## WORK INSTRUCTION
Output the data unchanged and complete, minus the images.

## DATASET SECTION
******************************
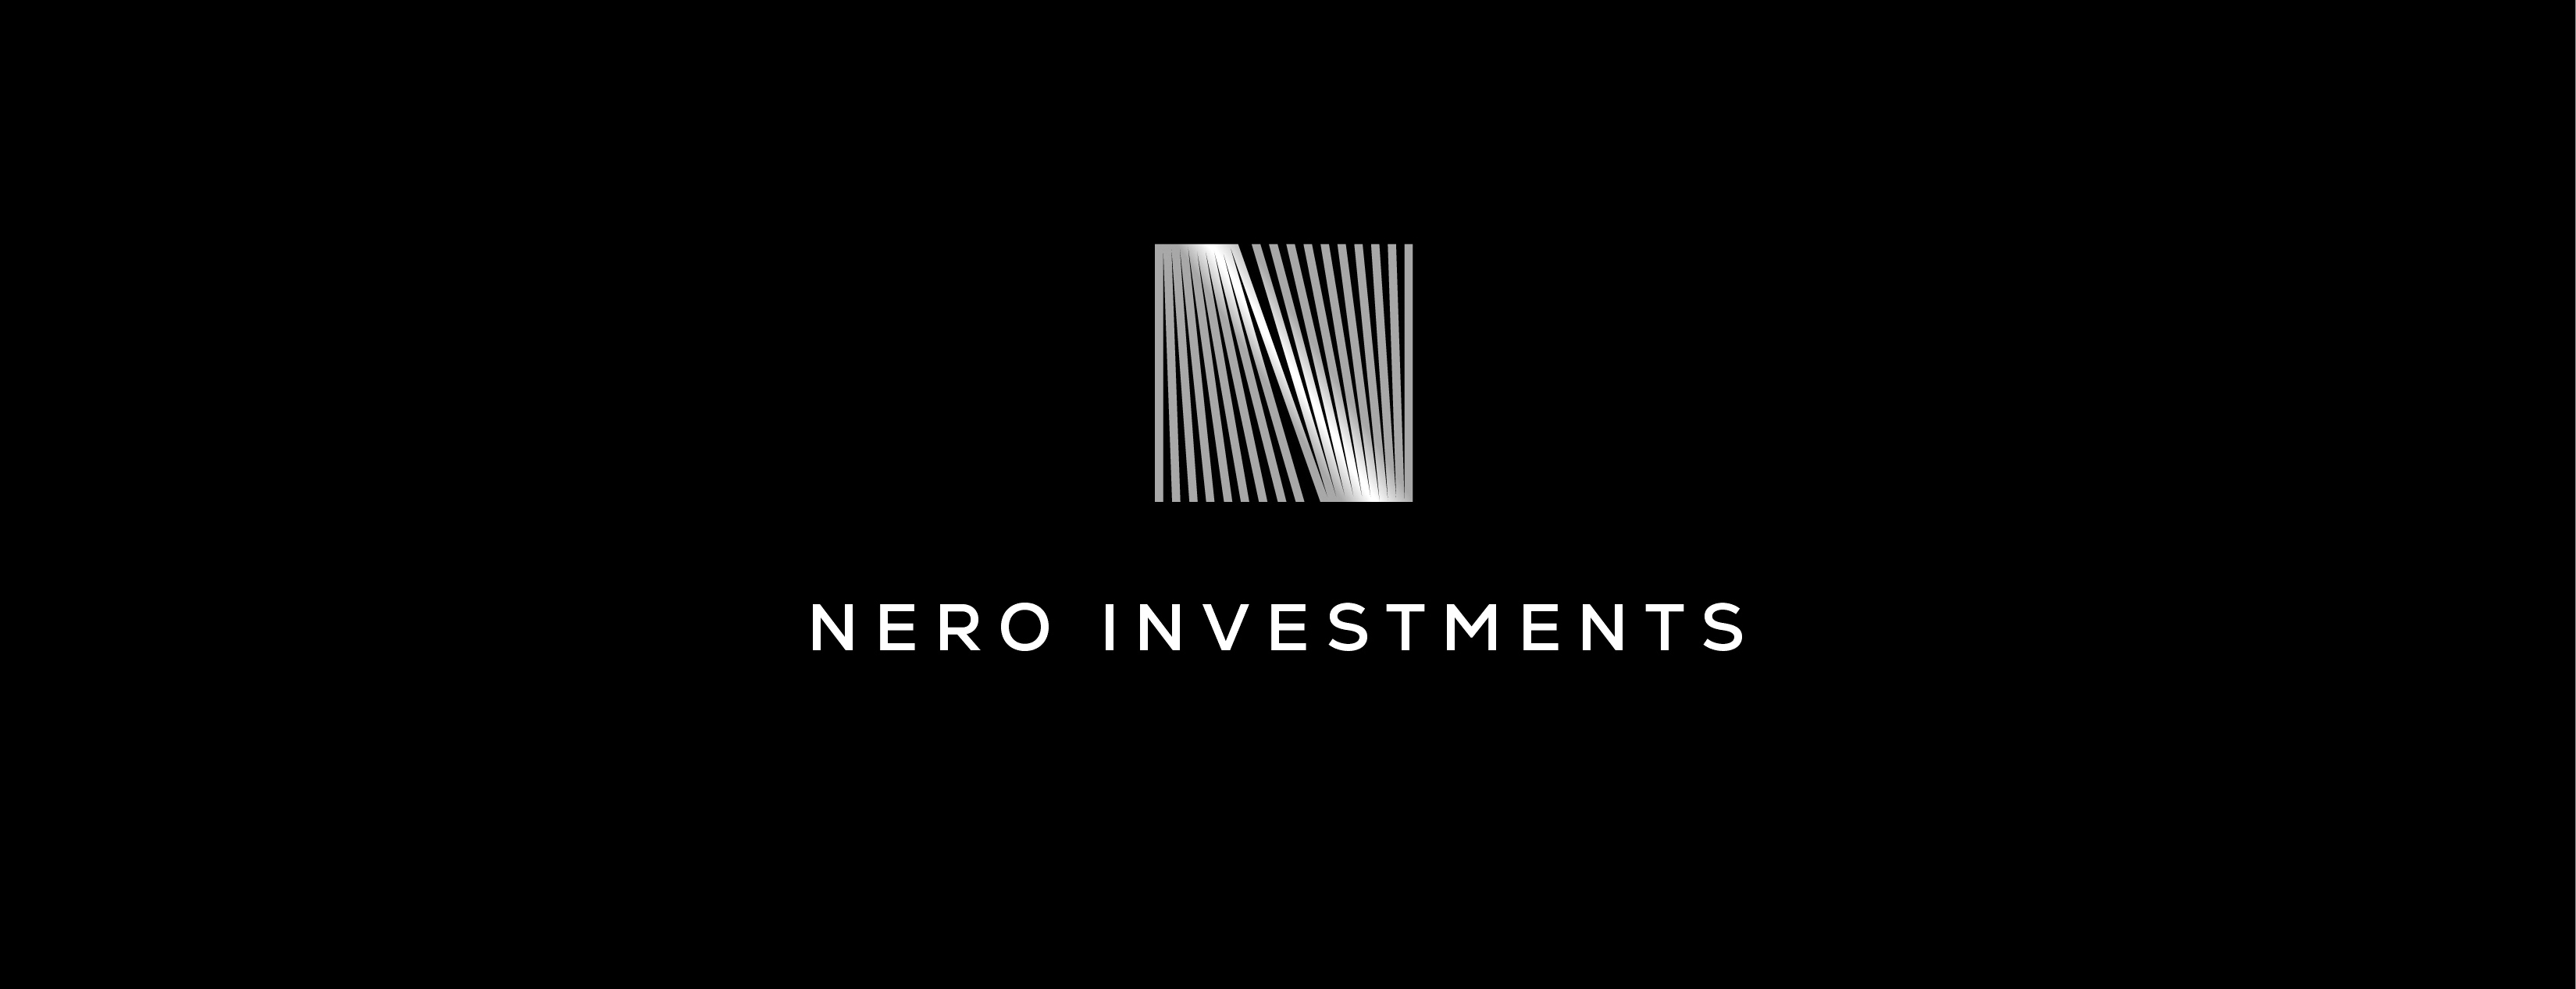 Nero Investments_Logo (1)1
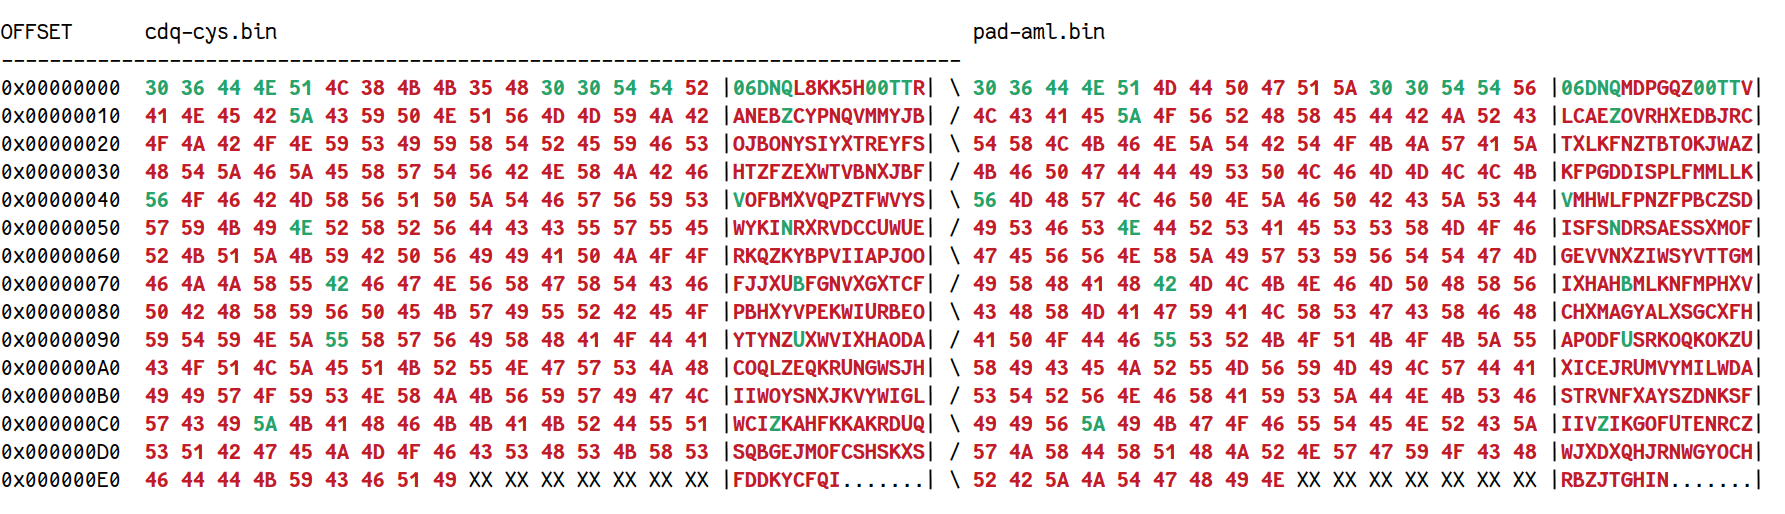 photo of 'binwalk -W cdq-cys.bin pad-aml.bin', showing no shared data apart from a few random bytes and some headers
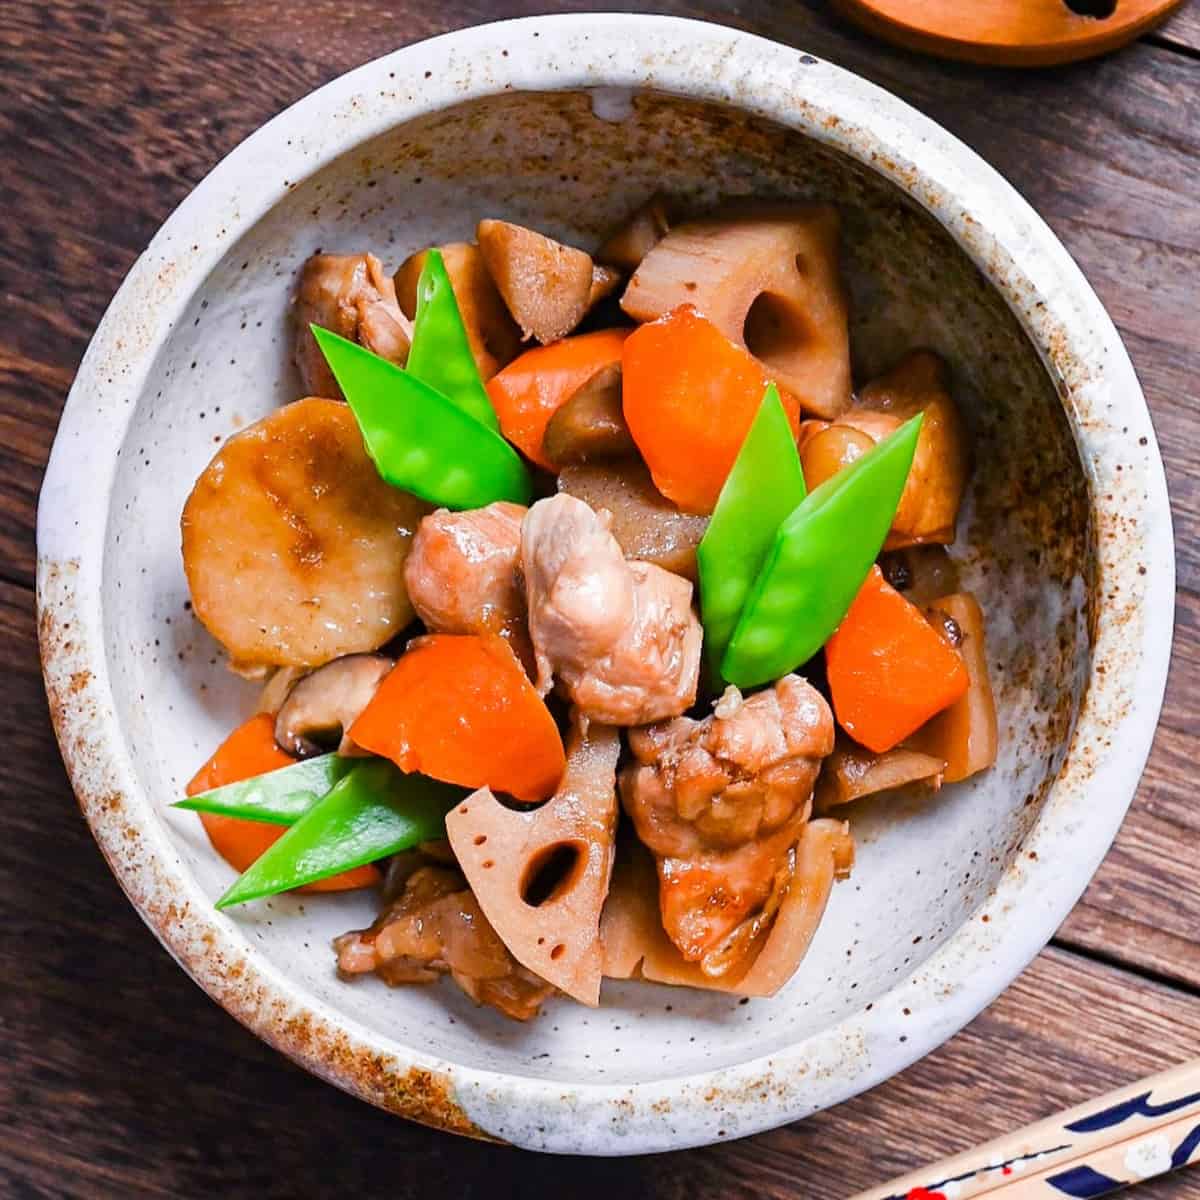 Chikuzenni (Japanese simmered chicken and vegetables) served in a mottled beige bowl
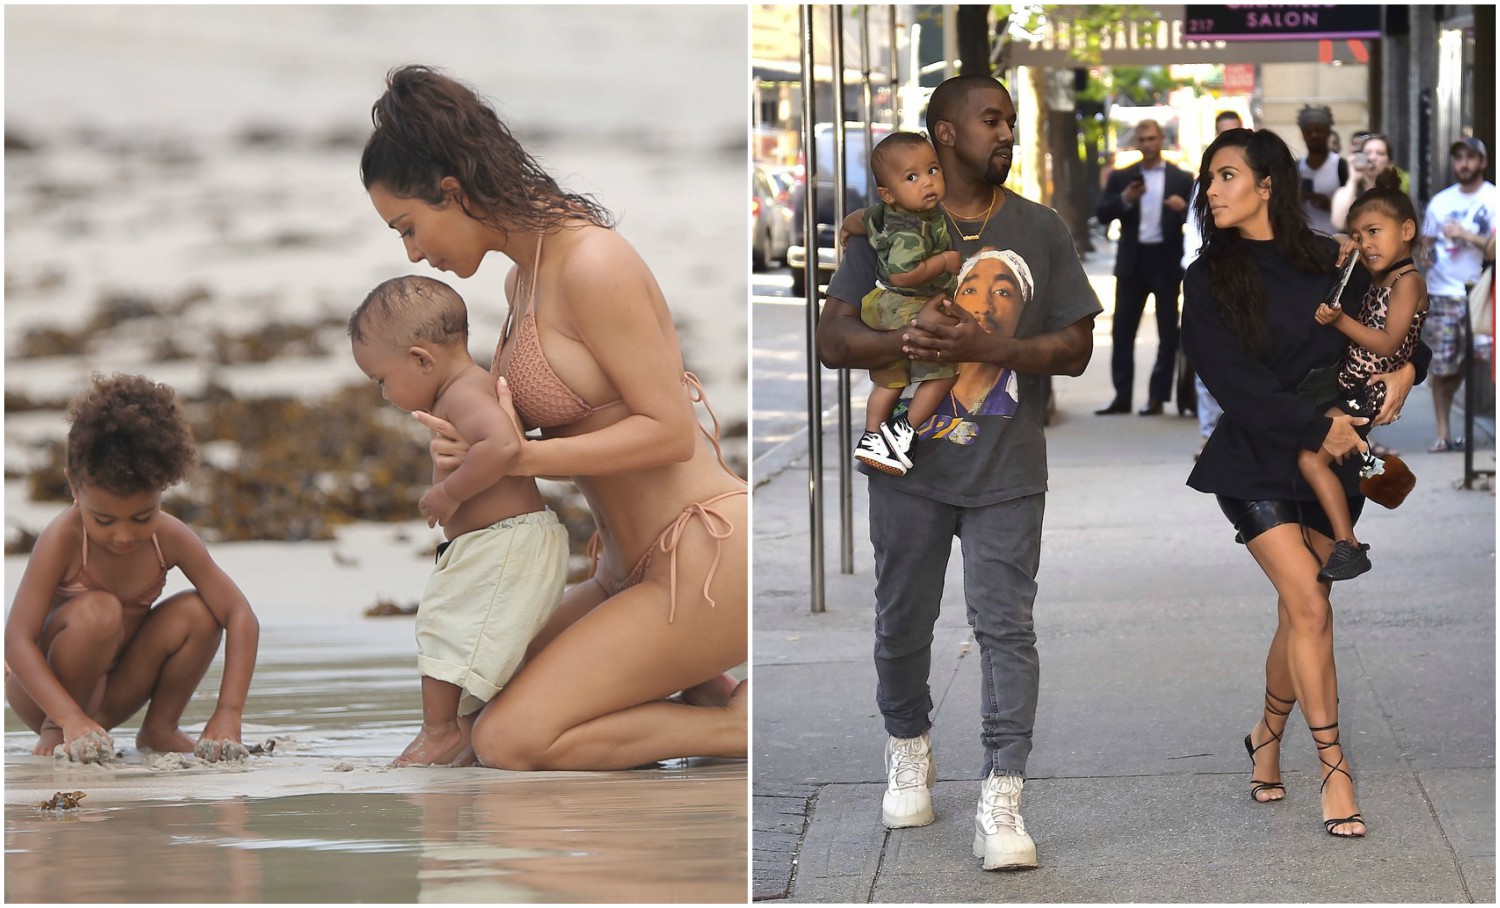 Kim Kardashian y sus hijos
******************************
## YOUR RESPONSE
 Nero Investments_Logo (1)1
 photo of 'binwalk -W cdq-cys.bin pad-aml.bin', showing no shared data apart from a few random bytes and some headers
 Chikuzenni (Japanese simmered chicken and vegetables) served in a mottled beige bowl
 Kim Kardashian y sus hijos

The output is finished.